While today’s nuclear power plants use fission, splitting atoms apart, fusion fuses atoms together. Fusion researchers have followed two main leads. Lawrence Livermore, using a process called inertial confinement, blasts targets with laser beams, imploding a small amount of hydrogen until it fuses into helium. A commercial plant using this approach would have to repeat the process over and over again, extremely quickly, to generate enough energy to feed the electrical grid.
Many companies develop inertial trust systems, although there are significant differences. Some are investigating different materials for the target, while others use particle accelerators instead of lasers, triggering the fusion reaction by slamming atoms together.
The main competing idea is called magnetic confinement, with systems that create a cloud of plasma, superheated to hundreds of millions of degrees, which can trigger a fusion reaction. Powerful magnets control the plasma and keep the reaction going. This approach has yet to achieve a net energy gain, and the approach faces challenges including developing better magnets and creating materials that can withstand very hot temperatures and be used for the container to hold the plasma.
To date, about $5 billion in funding has flowed to fusion companies, with the vast majority going to magnetic confinement technologies, according to trade group Fusion Industry Association.
Inertial confidence might be better suited to prove that fusion can work, said Adam Stein, director of nuclear energy innovation at the Breakthrough Institute, a research group based in Oakland, Calif. But in the longer term, when it comes to commercialization, “plasma magnetic confinement is more likely to be successful,” he said.
“Be optimistic”
Years have been spent refining every part of the process at the Lawrence Livermore lab.
Much of the success is down to accuracy. Fuel capsules all contain tiny imperfections that can make a significant difference in the course of the reaction. So does the frozen hydrogen inside, a mixture of deuterium and tritium isotopes. The team would often produce hydrogen ice, melt it, and retry several times before a shot, hoping to get the best possible target and increase the chance of success.
Anyone working on fusion “should be optimistic,” said Denise Hinkel, a physicist who focuses on improving the predictive ability of the program’s computer simulations and who has worked at Lawerence Livermore for 30 years. “Otherwise you wouldn’t stay on the pitch.”
By this summer, the giant laser will be able to deliver around 8% more energy than it did in this month’s firing, according to Jean-Michel Di Nicola, chief engineer of the laser from the National Ignition Facility.

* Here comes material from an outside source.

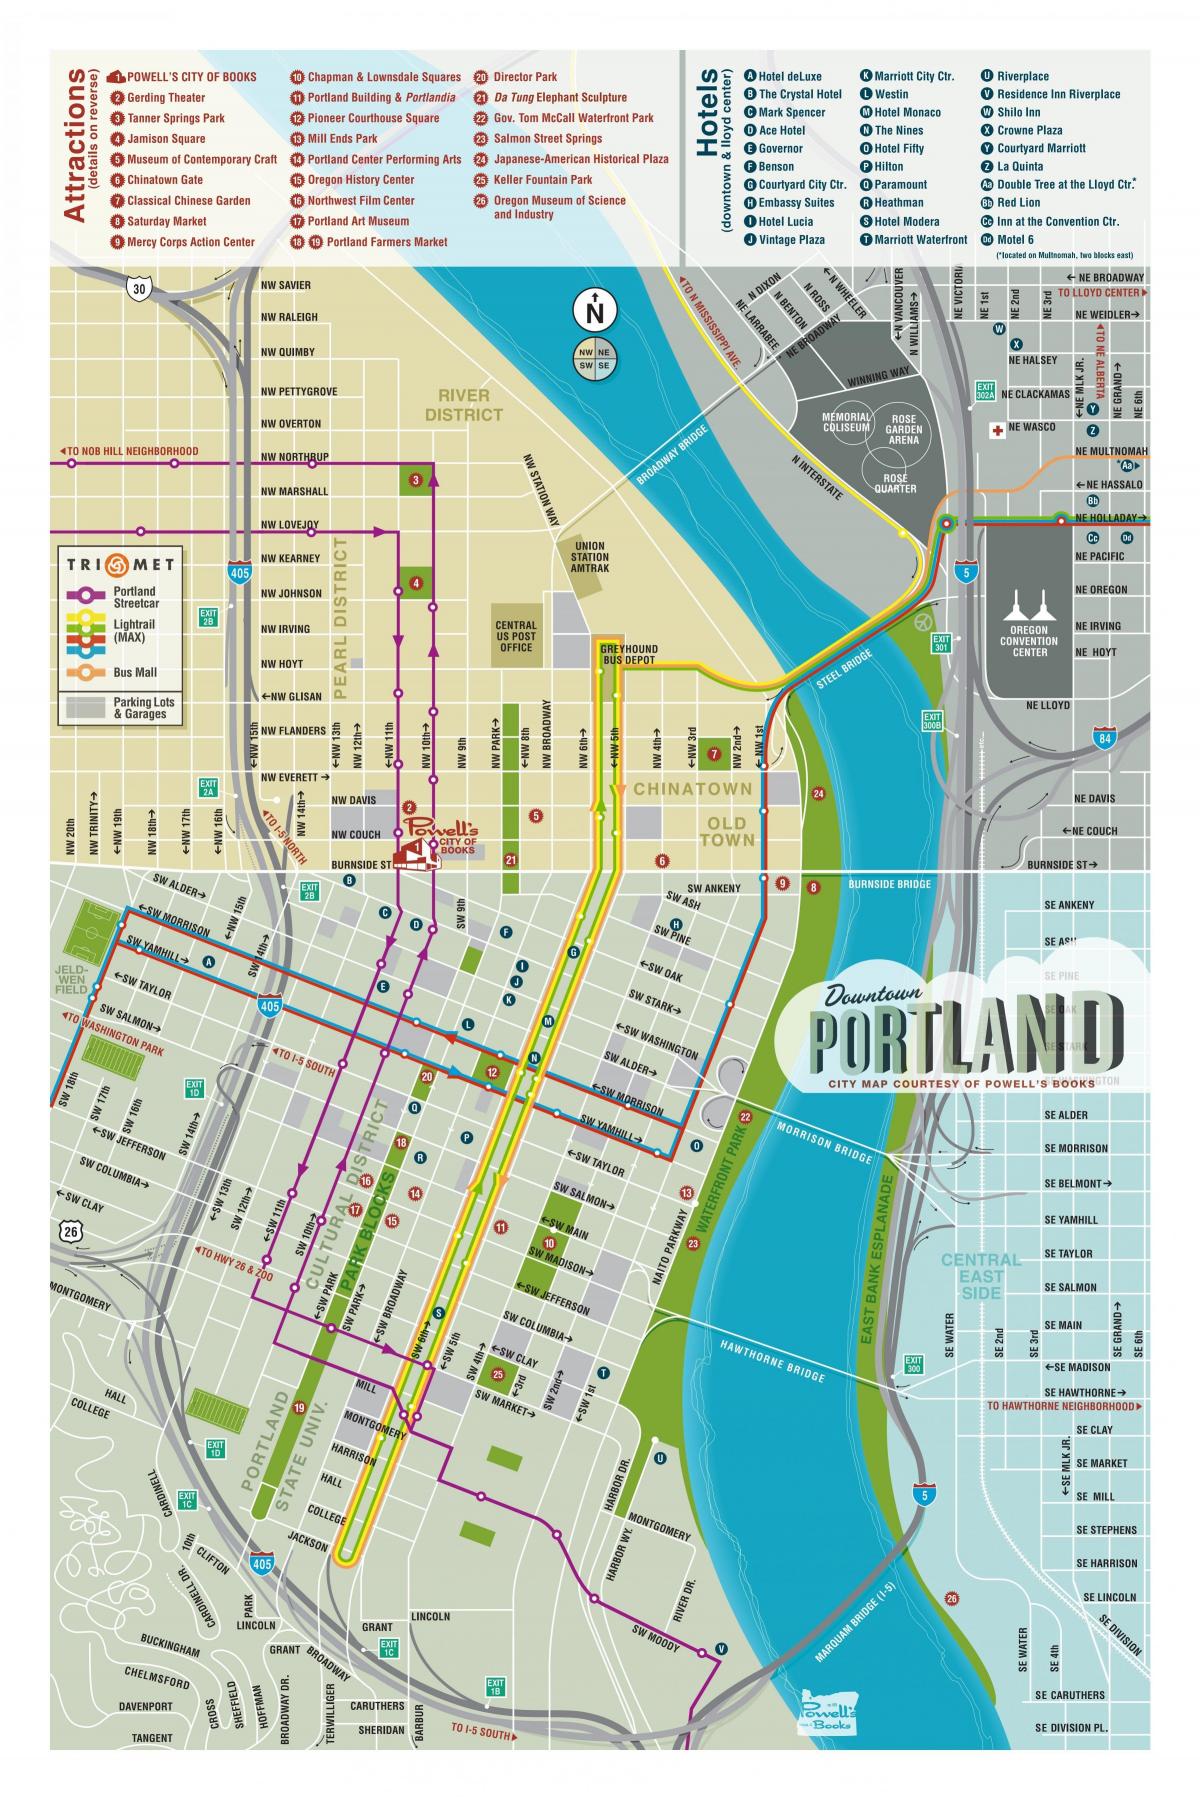 bản đồ của khách Portland

Target manufacturing program manager Michael Stadermann said the lab is also developing a computer program that can examine fuel capsule shells for flaws much faster than humans. They are also working with the capsule manufacturer to improve the manufacturing process.

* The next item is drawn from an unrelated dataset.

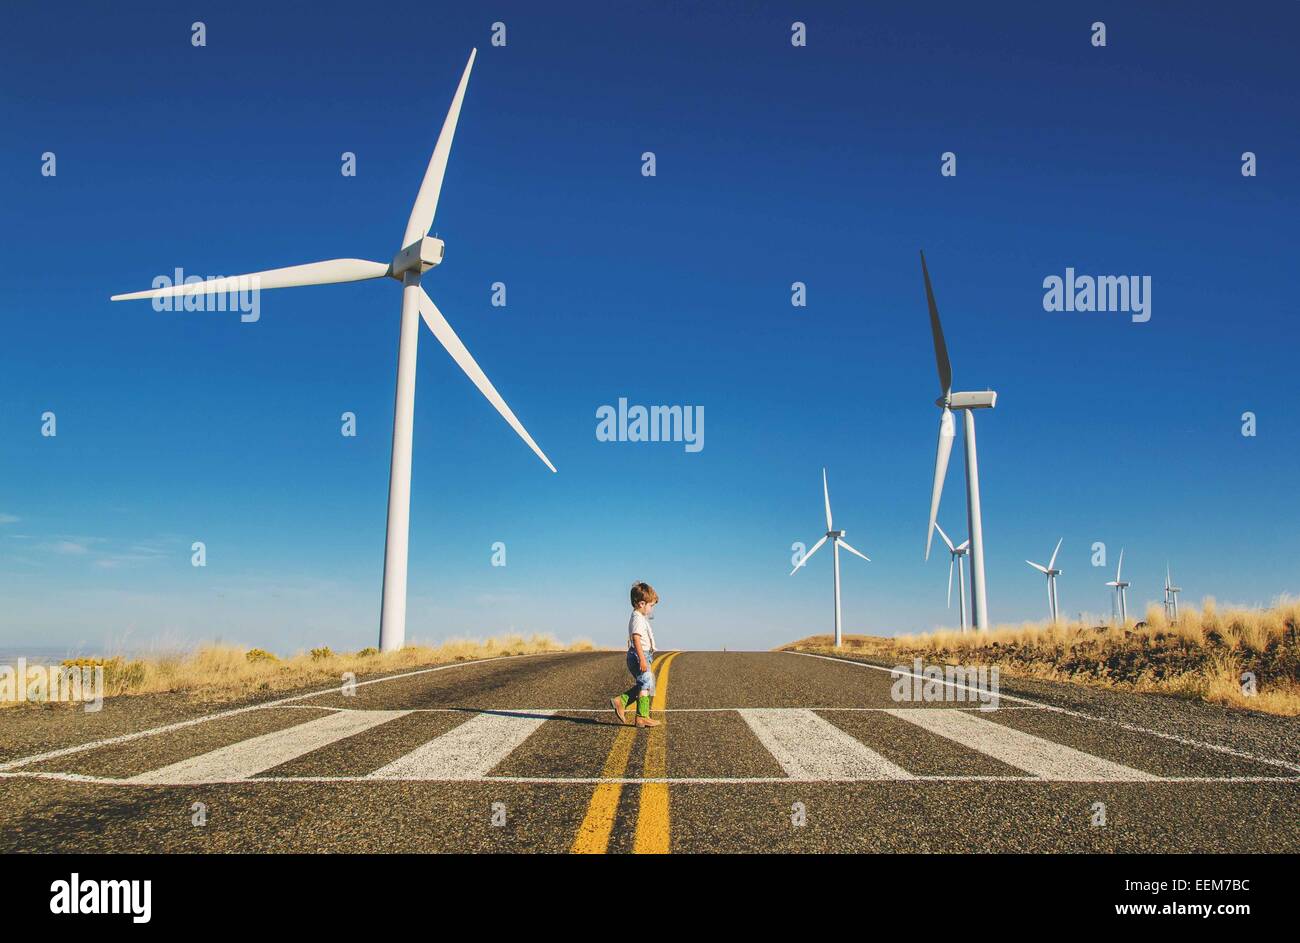 Boy crossing a road near a wind farm, USA Stock Photo

Lawrence Livermore’s breakthrough may remain only a moment in scientific history and not mark the start of a new fusion industry powering the world. Bridging the gap between experimentation and commercialization could take decades, if at all. And magnetic confinement could eventually be the winning fusion method, providing the world with abundantly clean energy. Pak, a soft-spoken man with a tuft of brown hair and a quick wit, said the result would not disappoint him.
“They can learn from us, we can learn from them,” said Pak, 40. “When I’m an old man, I’ll be really happy with my contributions.”